Step 3: Automate before you “AI it”
Build basic rules-based automation first:
- If new member joins → send welcome series
- If card not activated after 7 days → send prompt
- If login drops for 30 days → send “we miss you” check-in
Once that’s running, bring in AI to optimize timing, channel, and content.
Step 4: Keep humans in the loop
For every AI or automation initiative, define:
- When does a human step in?
- What context do they need to be effective?
- How do we capture what they learn back into the system?
That loop is what turns data into institutional knowledge instead of scattered anecdotes.

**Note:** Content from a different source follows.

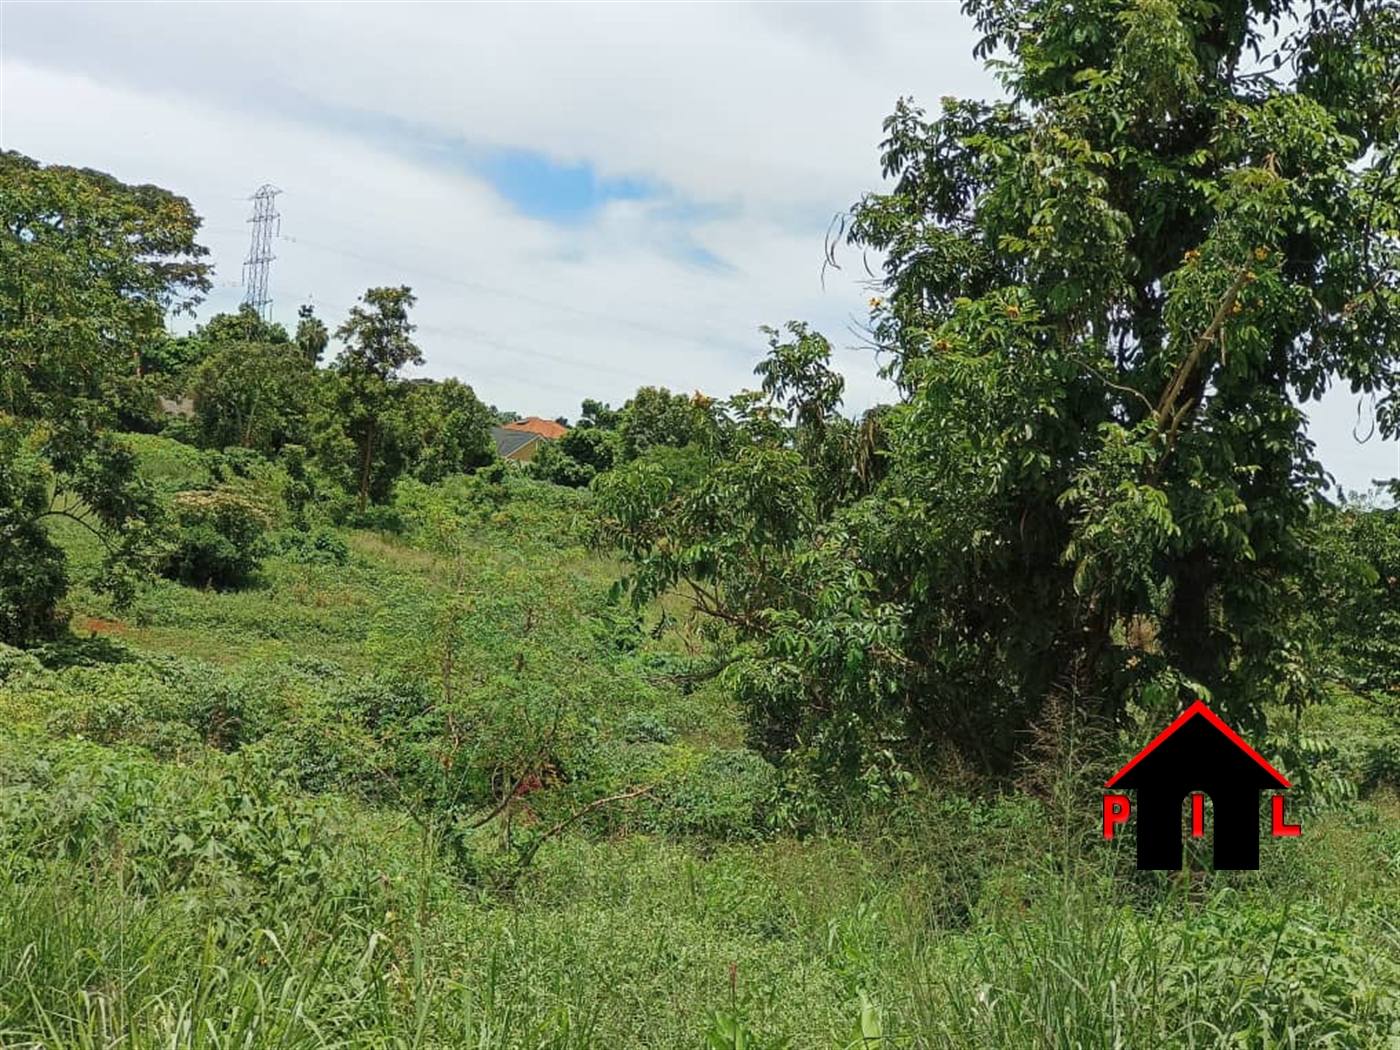 Commercial Land for sale in Rwempogo Kiruhura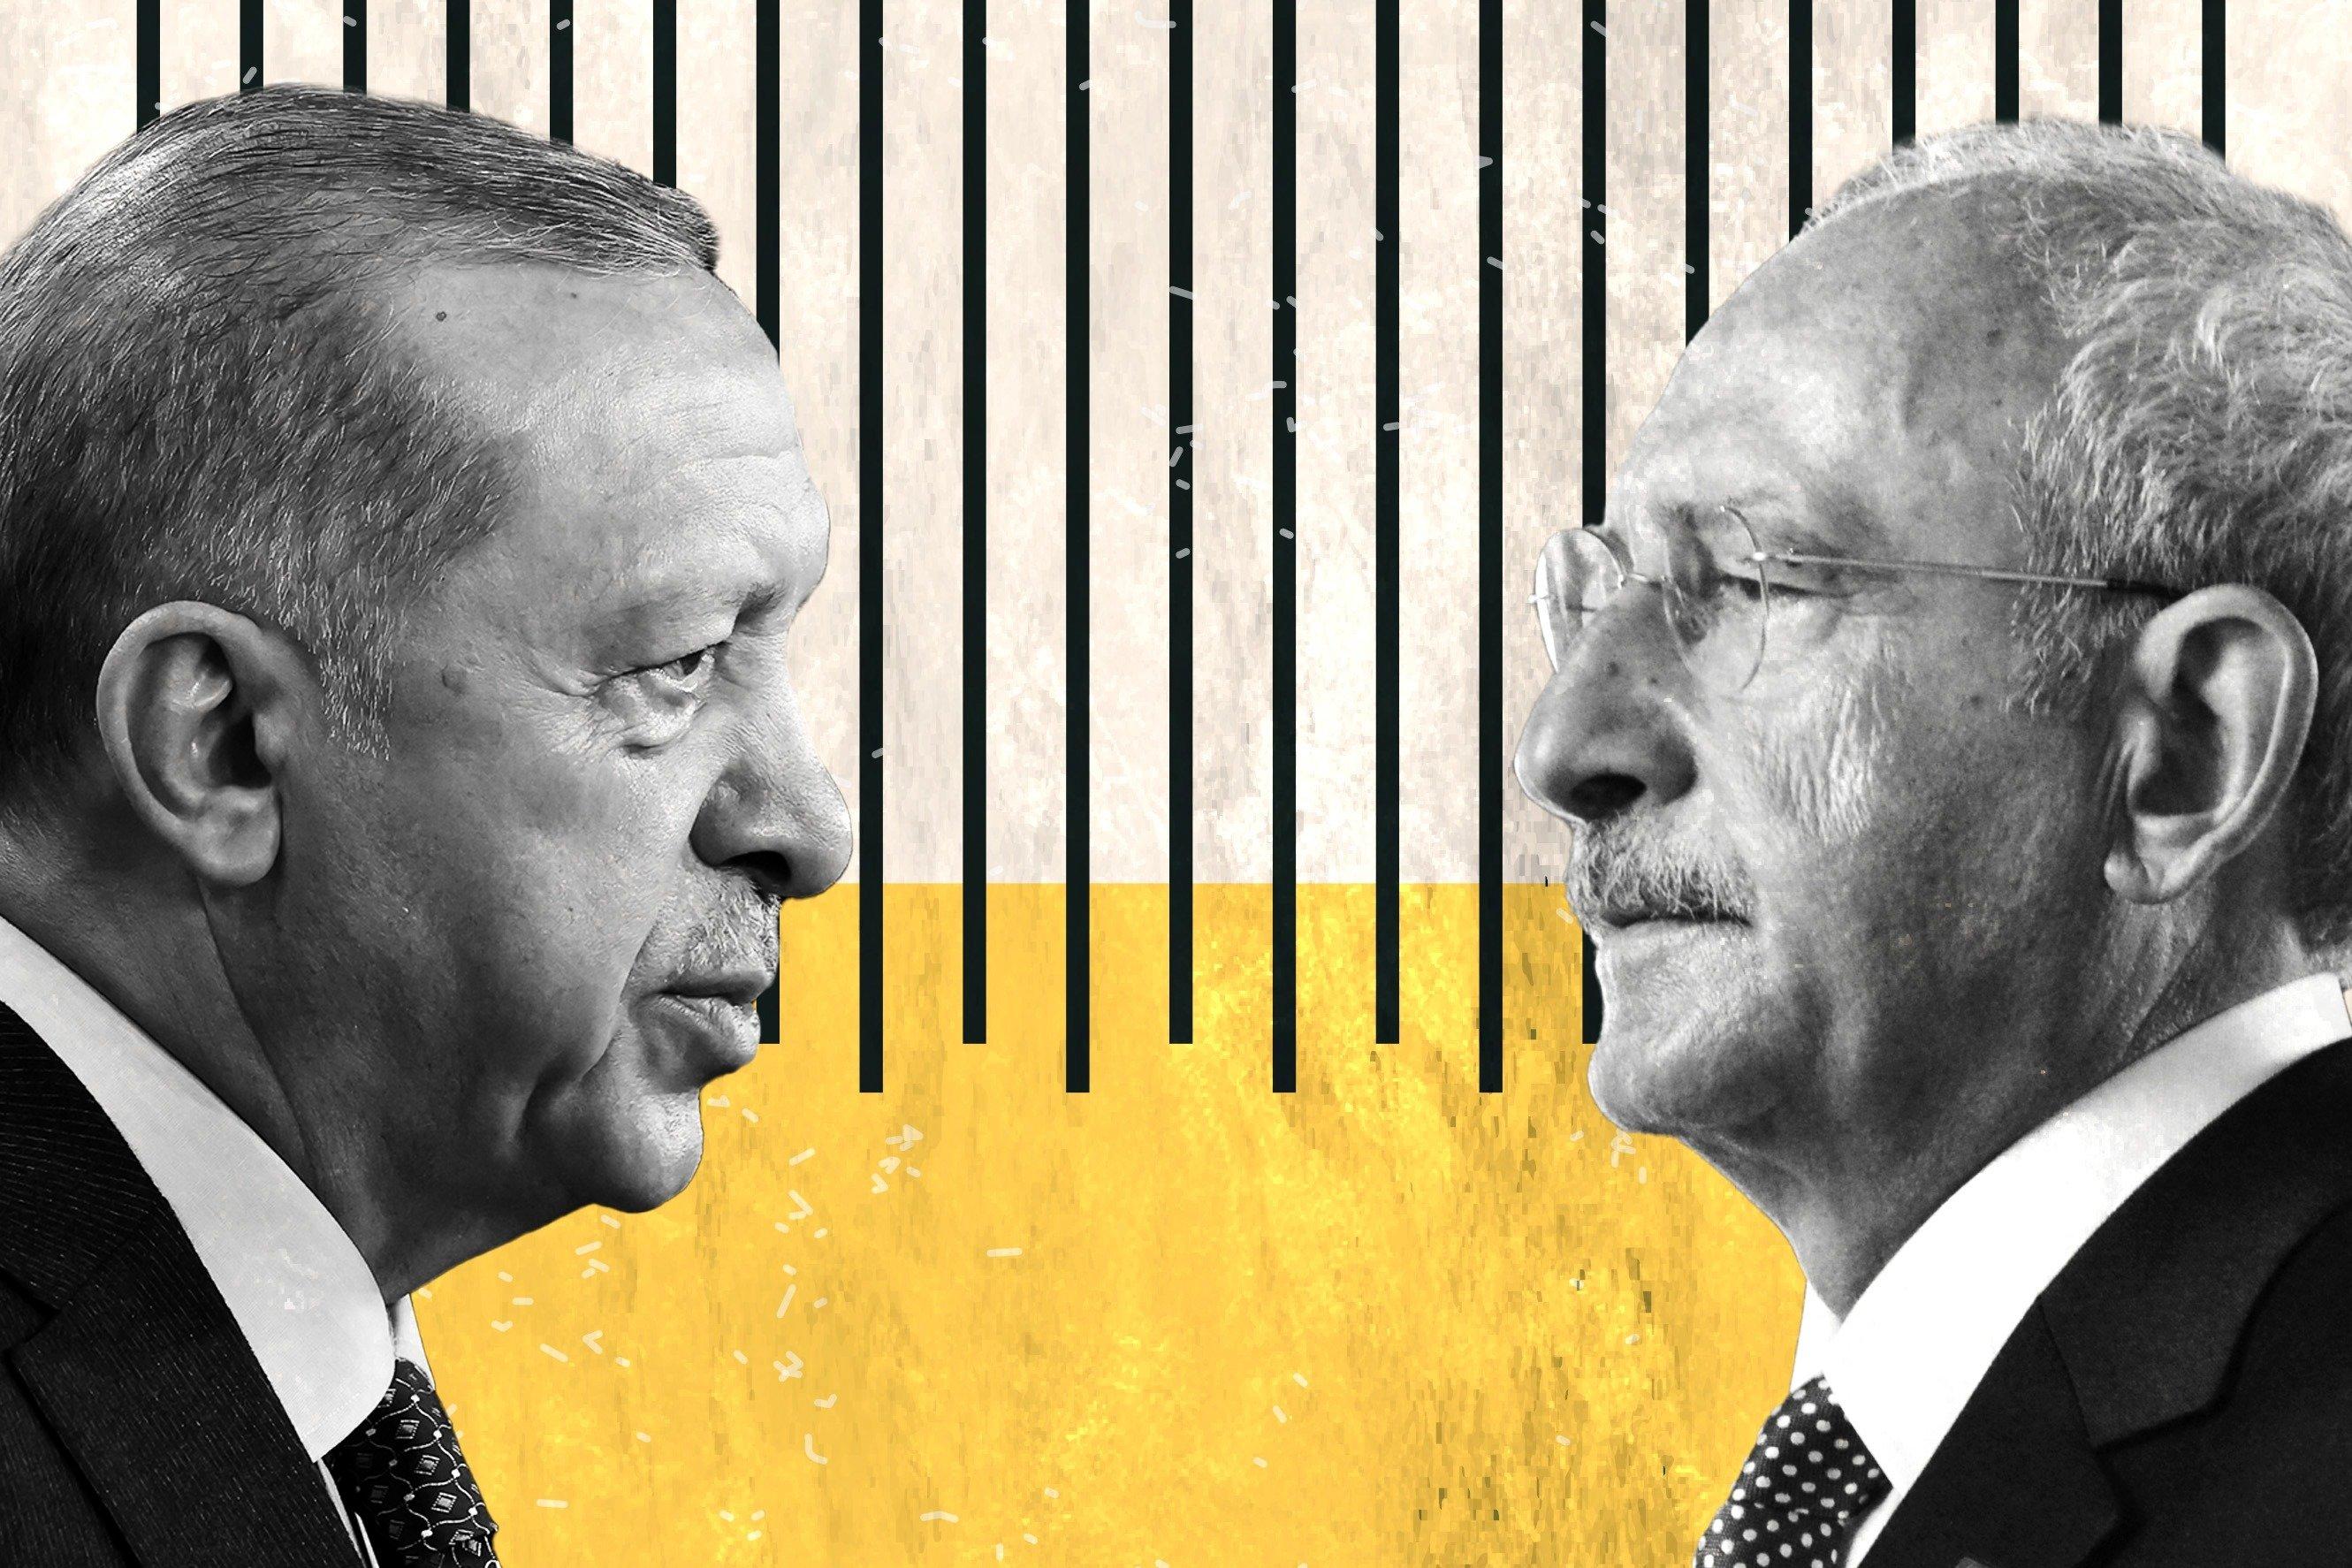 وضعیت عجیب اردوغان و یک مرد در انتخابات ترکیه خبرساز شد + فیلم

AI won’t make credit unions member-centric on its own. But credible data, thoughtful automation, and targeted AI can absolutely help you stop being the “best kept secret” and start being the first choice.
The next 12–24 months are a window. Members are getting used to AI-enhanced everything—shopping, streaming, health. Their expectations for banking are rising with it.
Credit unions that act now, with a data-first, member-focused mindset, won’t just keep up. They’ll stand out.